EASTVALE - When Hall of Fame announcer Chick Hearn died eight years ago, the Lakers dedicated their season to him. When Moreno Valley Rancho Verde defensive end Emil Smith was killed in a car crash last July, his teammates did the same.

So Friday, as the PA announcer broadcast that the Eastvale Roosevelt football team was devoting its season to physical education teacher and girls water polo coach Erin Souza, I thought "bummer."

Then I met the woman. Turns out few people are as full of life.

John, Erin and Owen Souza have every reason to be all smiles now that Erin has been declared cancer-free.

Thirteen months ago, three days into her Laughlin vacation, the 28-year-old Souza received a call from a doctor telling her she had Hodgkin's Lymphoma. It was diagnosed as stage 2, but treated as stage 4 given how it occupied her entire chest.

"The first thing I did is look at my 4-month-old son and think about how I might die," said Souza, donning an orange shirt bejeweled with the word "Mustangs" on the front.

Then positive thoughts staged a coup de tat and took over her brain.

Throughout her 24 weeks of chemotherapy, a hairless Souza entered treatment smiling and bragging about her good looks.
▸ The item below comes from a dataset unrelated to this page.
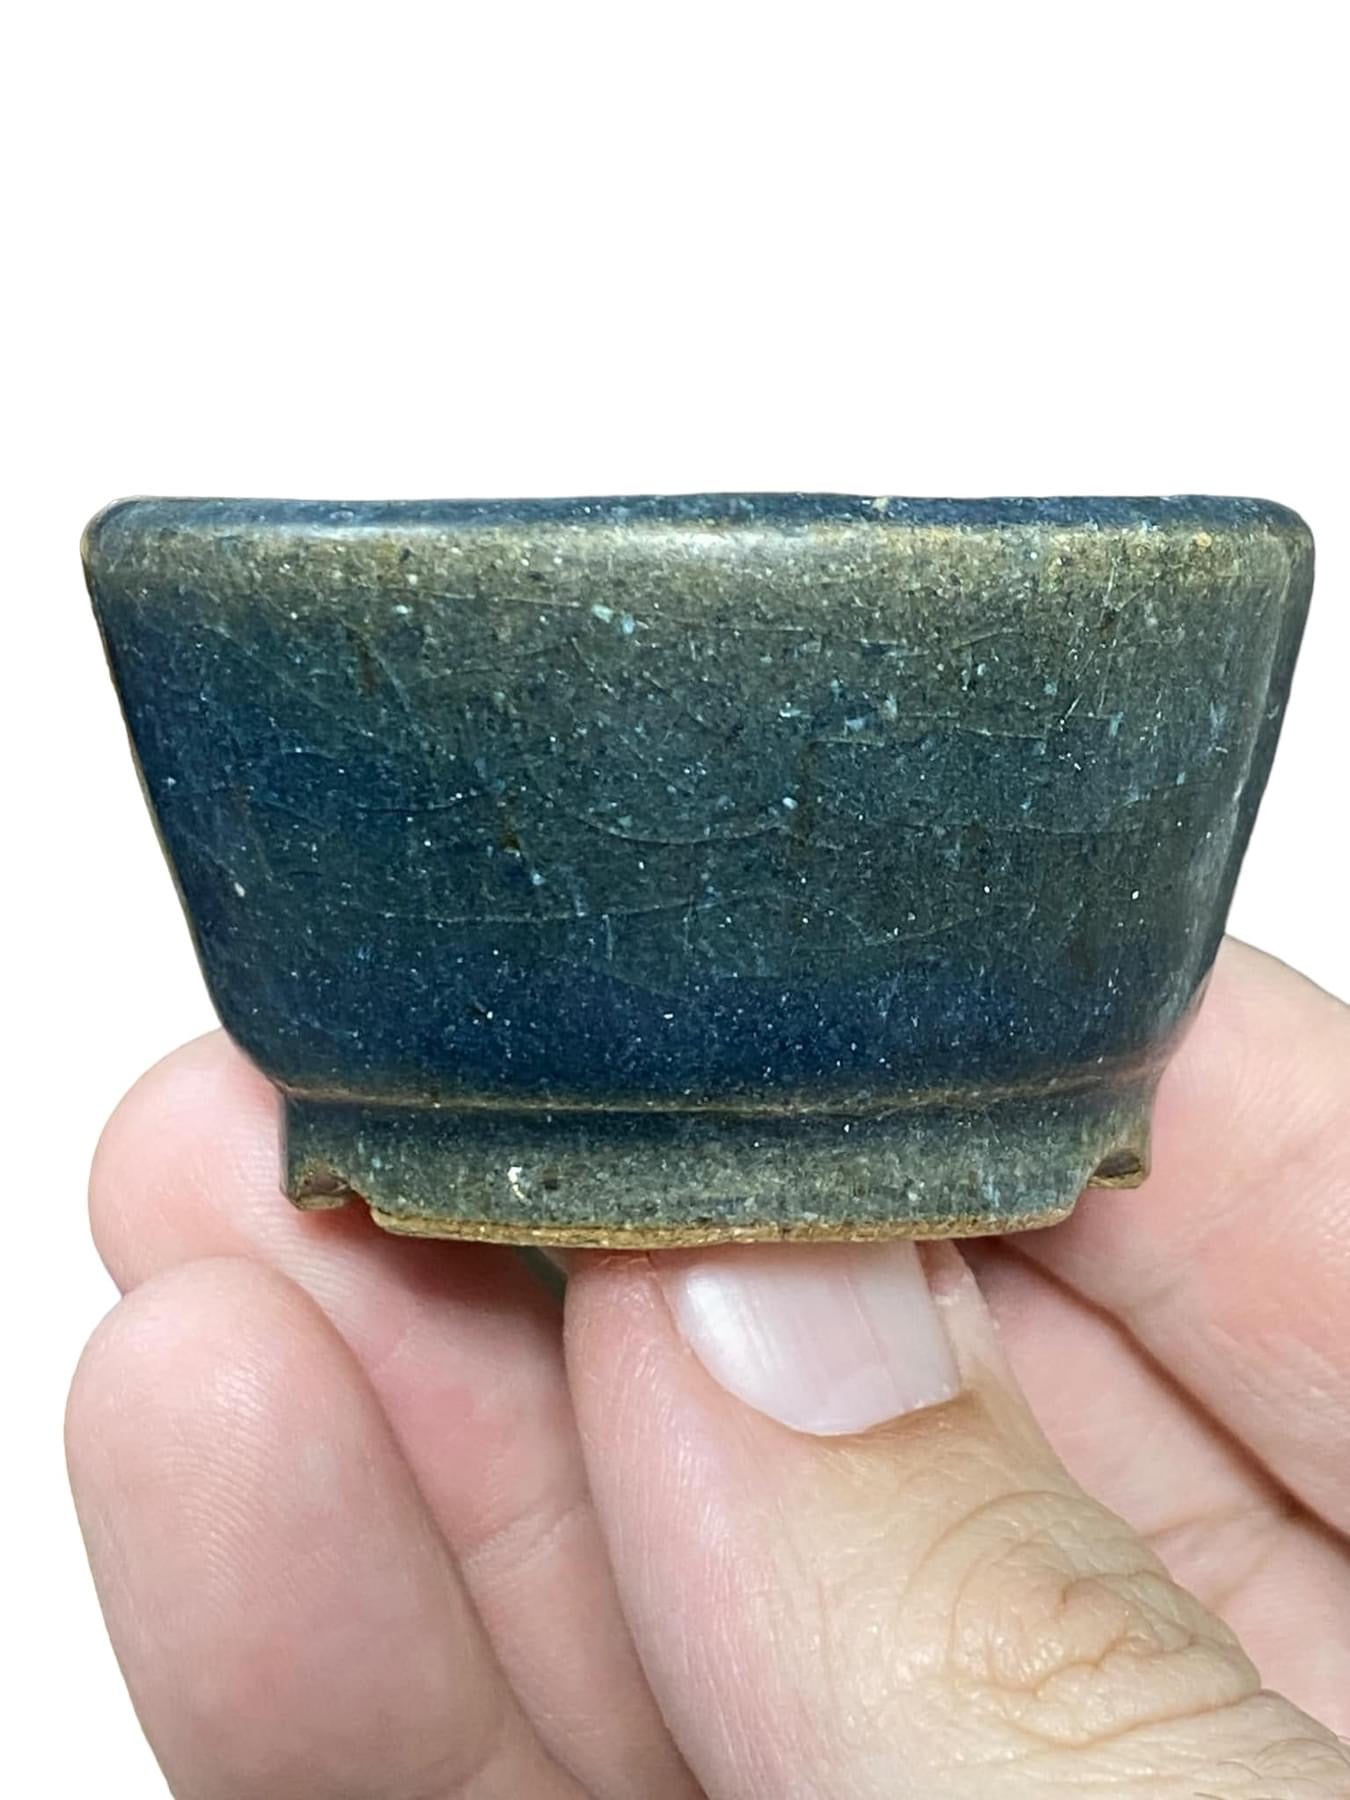 Sharaku - Mame Bonsai or Accent Bonsai Pot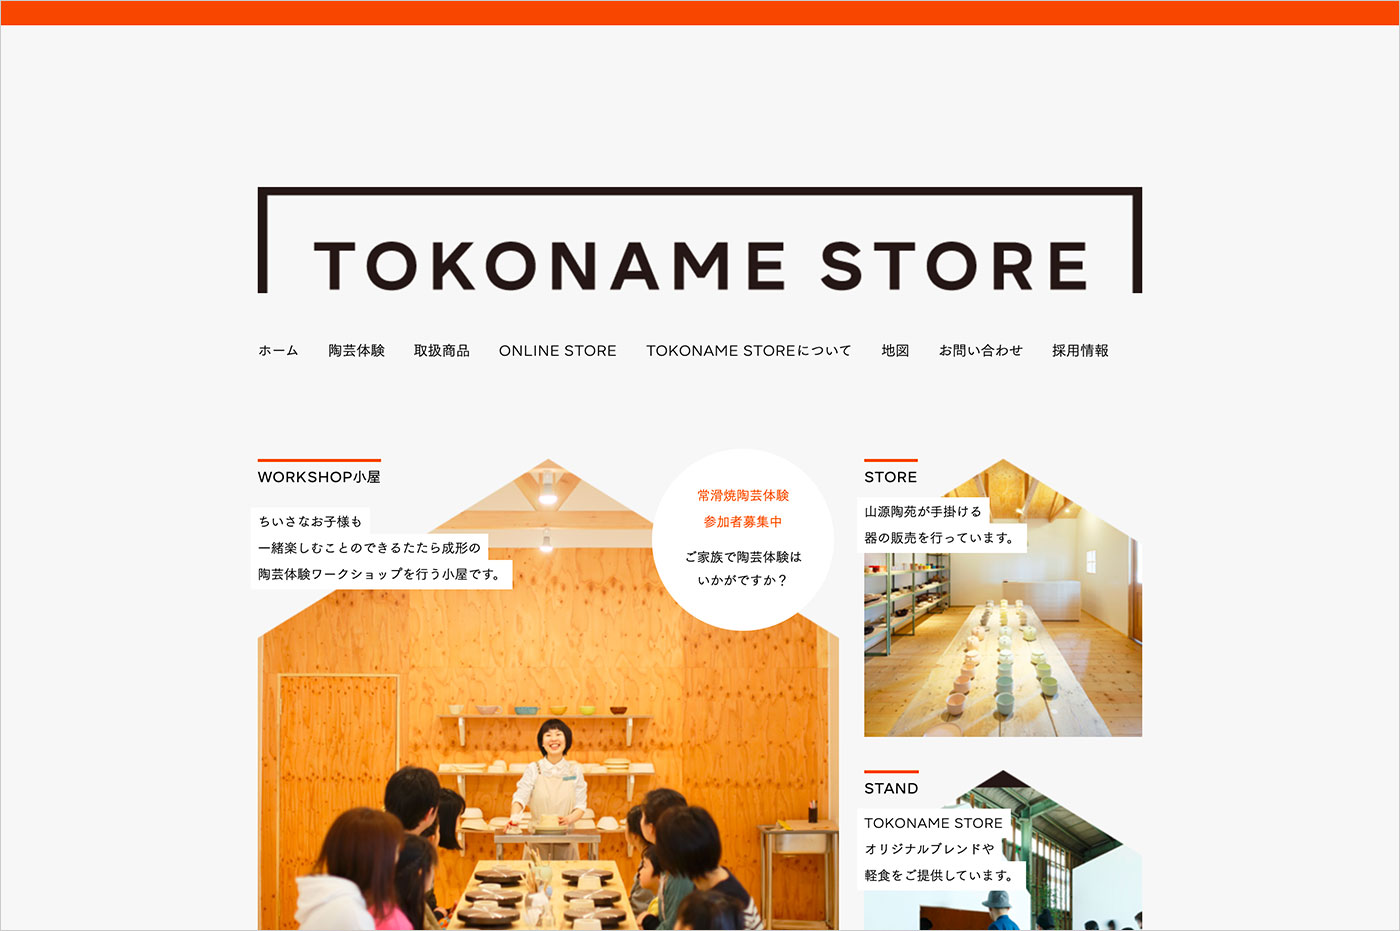 TOKONAME STOREウェブサイトの画面キャプチャ画像

Grins were a bit more elusive for her husband, John, who admits Erin was the stronger of the two and that he feared having to tell his son, Owen, about his mom when he grew up.

Now? She's cancer-free.

Roosevelt senior Lauren Klein said that Souza's struggle was "the heart of the campus," with students and faculty ardently rallying for her to pull through. But upon her recovery, Roosevelt coach Bill Stacy decided that celebrating her life wasn't enough. He turned it into an all-out bash.

Stacy's the one who declared that this season would be played for her. He's the reason every Roosevelt coach wore a purple ribbon on his shirt bearing the word "Souza" underneath, and why a purple ribbon is painted on each player's helmet with "Coach Souza" scribbled across.

It was a moving gesture, no doubt -- a gesture that pried tears out of Souza when she found out and one that choked her husband up Friday.

But for Stacy, it was nothing particularly unusual.

The fifth-year coach has two disabled sons: 9-year-old Elijah, who has muscular dystrophy, and 6-year-old Max, who suffered a stroke during open-heart surgery when he was 8 months old and is now blind. So to Stacy, educating his players on other people's hardships is just as important as perfecting the defense or moving the chains.

That's why he and his team visit kids from a local handicapped school each year and wheel them out to the football field. That's why he takes helmets to soldiers in Iraq, too.

So when a colleague of his survived cancer in the chest, Stacy showed some heart.

"I deal with tragedy, and I want to teach my kids about it," said Stacy, whose Mustangs downed Murrieta Valley, 33-12, Friday. "This was a young lady who bought a home, had a 6-month-old baby and her whole world was turned upside down."

Souza got to flip the coin before Friday's game. Roosevelt won. Makes sense.

For Souza these days, things are landing right side up.